第60話 追加調査(前編)

「月ヶ瀬さんの言うとおり、娘は東雲君と同じ学校に通っていますが彼の方から声をかけるということはなかったようです。これは親バカな発言ではありますが、娘は非常にできた子です。見た目は私に似ることなく妻に似て綺麗ですし、優しく気立てもいい子だと思っています。学校でも決してモテないわけでもないようなので、東雲君から全くと言っていいほど声をかけられないことにいささかの疑問を持ちまして、追加の調査を依頼したところです。これからその結果をお見せしたいと思います」


 お父さんが事務局の人に二言三言伝えると会議室にある大型モニターの電源が入れられ、パソコンのデスクトップ画面が映し出された。
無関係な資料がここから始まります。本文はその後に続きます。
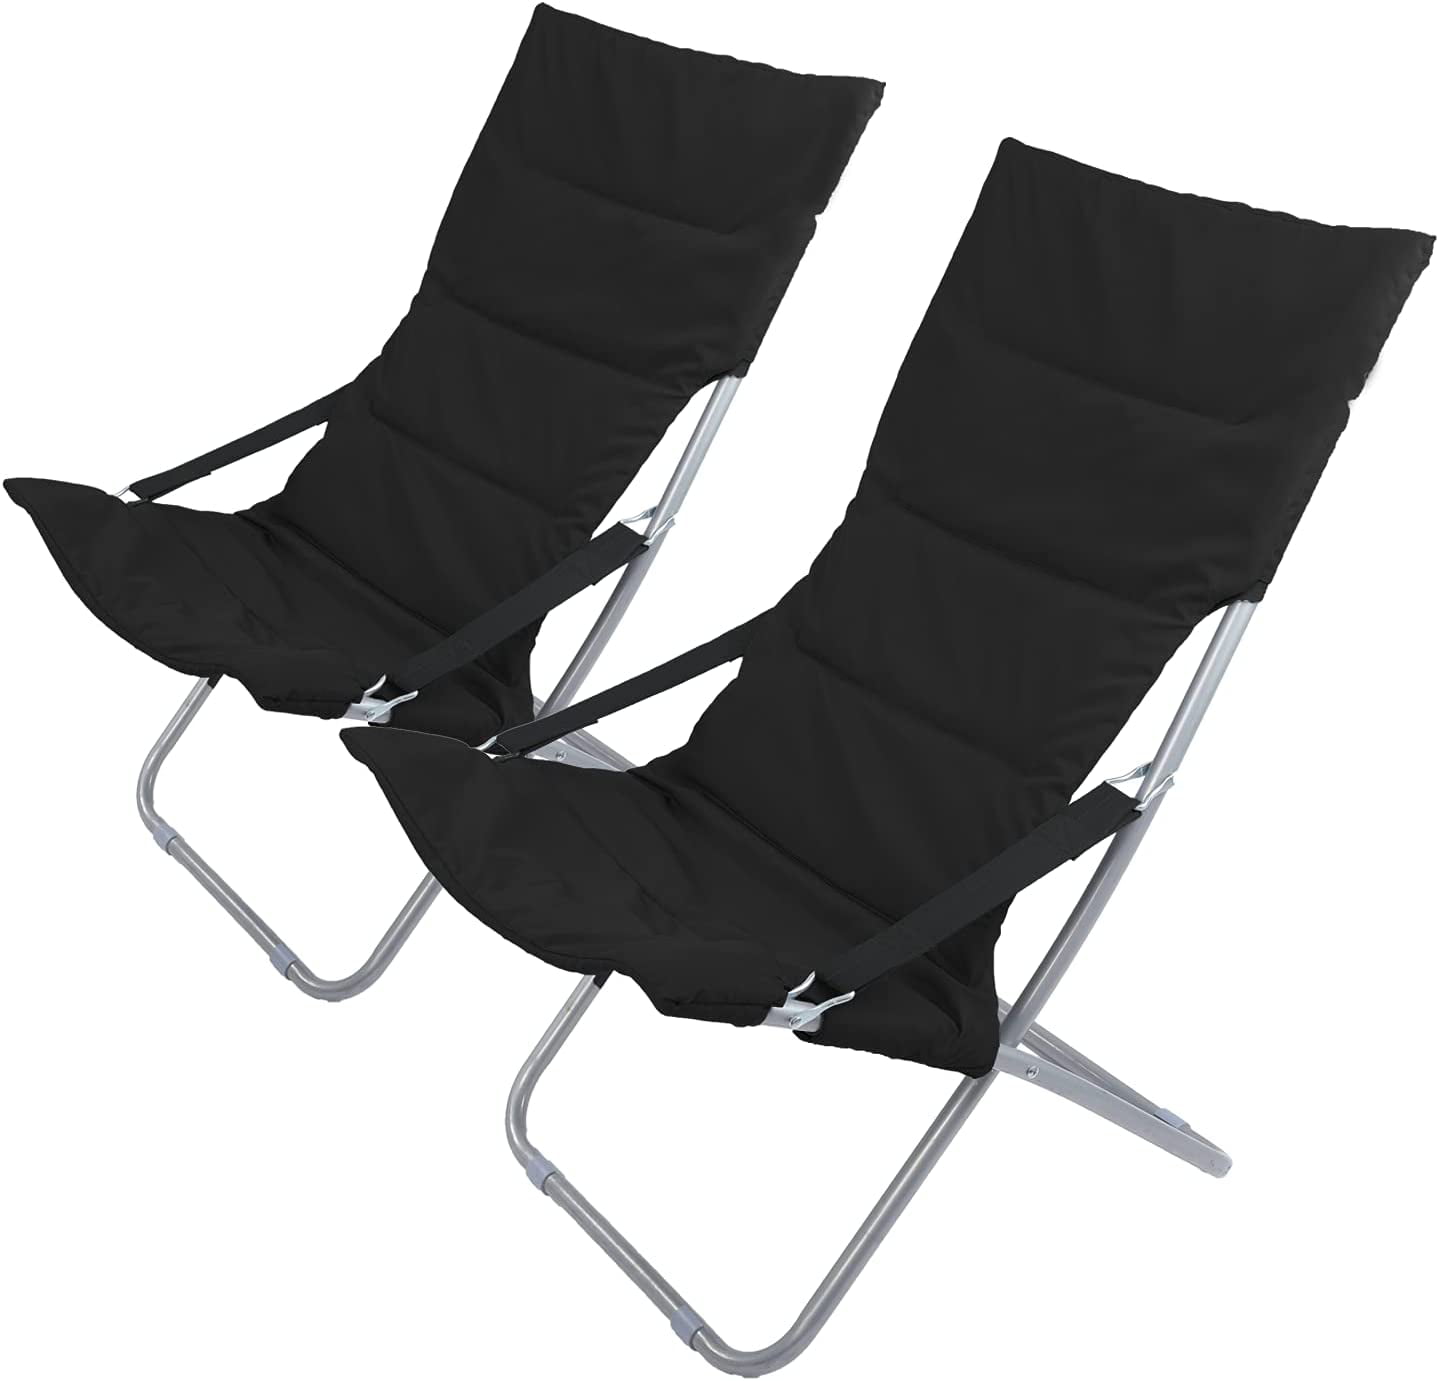 Kingcamp Double Cotton Soft Steel Chair Outdoor Camping Portable Folding Chair

「これまでの東雲君への調査は彼に直接話を聞くということを行わないで進めており、あくまで普段の彼の行動や友人関係、過去の恋愛傾向等から結果を出しています。これは、我々の行動が表立って知られないように距離をとった結果なのですが、これではまだ交友関係の狭い高校生である彼の本質を捉えるには十分ではないと考え追加の調査をしました。調査方法はこちらが彼の友人である勝又暁に姿を変えてカフェに呼んで、そこで話を聞くというものです。東雲君にとって一番近い同性の友人である勝又君なら東雲君の本音に近づけるかもしれないと考えたところです。これからお見せする映像はその時の様子を小型のカメラで記録したものになります」


 ◆【陽君視点】


 東京の冬というのは俺の地元に比べて天気のいい日が多い気がする。俺の地元なんて冬になればたいていが雨か雪か曇りで真っ青な青空の日が連日のように続いていた記憶はない。
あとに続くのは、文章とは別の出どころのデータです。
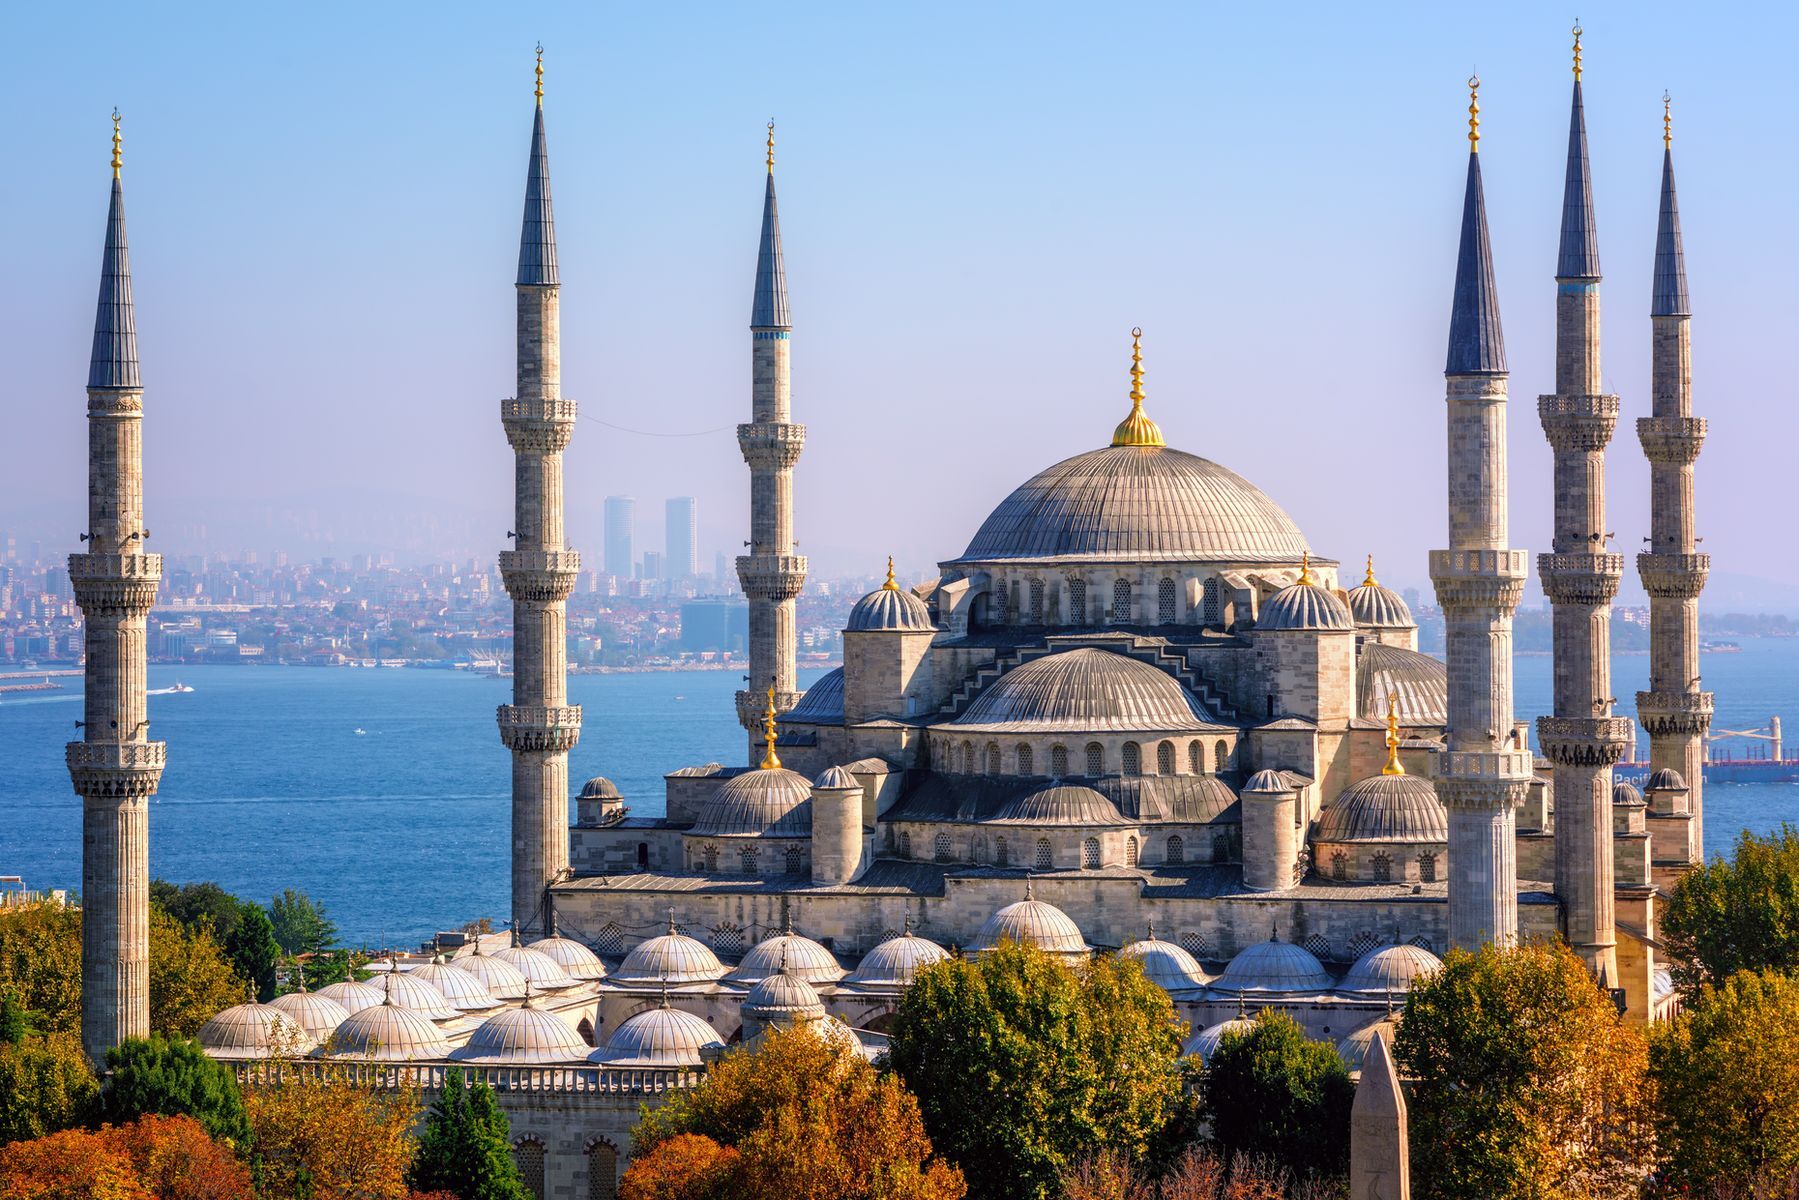 <p>Straddling the border between Europe and Asia, <a href="https://www.hotels.com/go/turkey/free-things-to-do-istanbul" rel="noreferrer noopener">Ista</a><a href="https://www.hotels.com/go/turkey/free-things-to-do-istanbul" rel="noreferrer noopener">n</a><a href="https://www.hotels.com/go/turkey/free-things-to-do-istanbul" rel="noreferrer noopener">bul</a> has a rich history as the former capital of both the Byzantine and Ottoman Empires. Views of the city often include the emblematic <a href="https://smarthistory.org/the-blue-mosque-sultan-ahmet-camii/" rel="noreferrer noopener">Blue Mosque</a>, or Sultan Ahmed Mosque, a must-see destination you can visit for free outside of prayer time. While in the neighbourhood, try some inexpensive izgara köftes (grilled meatballs) at the nearby restaurant <a href="https://www.turkeysforlife.com/2012/01/eating-in-sultanahmet-tarihi.html" rel="noreferrer noopener">Tarihi</a> <a href="https://www.turkeysforlife.com/2012/01/eating-in-sultanahmet-tarihi.html" rel="noreferrer noopener">Sultanahmet</a> <a href="https://www.turkeysforlife.com/2012/01/eating-in-sultanahmet-tarihi.html" rel="noreferrer noopener">Köftecisi</a>. Lastly, visit the <a href="https://istanbul.goturkiye.com/istanbul-archaeological-museums" rel="noreferrer noopener">Istanbul</a> <a href="https://istanbul.goturkiye.com/istanbul-archaeological-museums" rel="noreferrer noopener">Archaeological</a> <a href="https://istanbul.goturkiye.com/istanbul-archaeological-museums" rel="noreferrer noopener">Museums</a> for just <a href="https://www.introducingistanbul.com/archaeological-museum" rel="noreferrer noopener">50</a> <a href="https://www.introducingistanbul.com/archaeological-museum" rel="noreferrer noopener">Turki</a><a href="https://www.introducingistanbul.com/archaeological-museum" rel="noreferrer noopener">s</a><a href="https://www.introducingistanbul.com/archaeological-museum" rel="noreferrer noopener">h</a><a href="https://www.introducingistanbul.com/archaeological-museum" rel="noreferrer noopener">liras</a> (<a href="https://exchangerate.guru/try/usd/50/" rel="noreferrer noopener">US$1.60</a>). Lovers of all things ancient will delight in its 20 galleries filled with antiquities celebrating 5,000 years of history.</p>

 でも、俺の気分はこの青空のように澄み渡り晴れやかなものではない。


 その理由の一つはクラスメイトの大久保さんとなかなか恋仲になれないことだ。


 大久保さんとはお互いに歴史の話が好きだったりして話すことがあったり、学校の行事で同じ担当になったりしたことがきっかけで好きになっていった。


 俺はクラスの中では決して目立つタイプではない。それに対して大久保さんは派手とはいわないものの陽キャといわれるようなグループに属している。できる限り積極的に話そうとは思っているけど、過度に接近しては変に警戒されてしまい気持ち悪がられるかもしれないからその塩梅が難しい。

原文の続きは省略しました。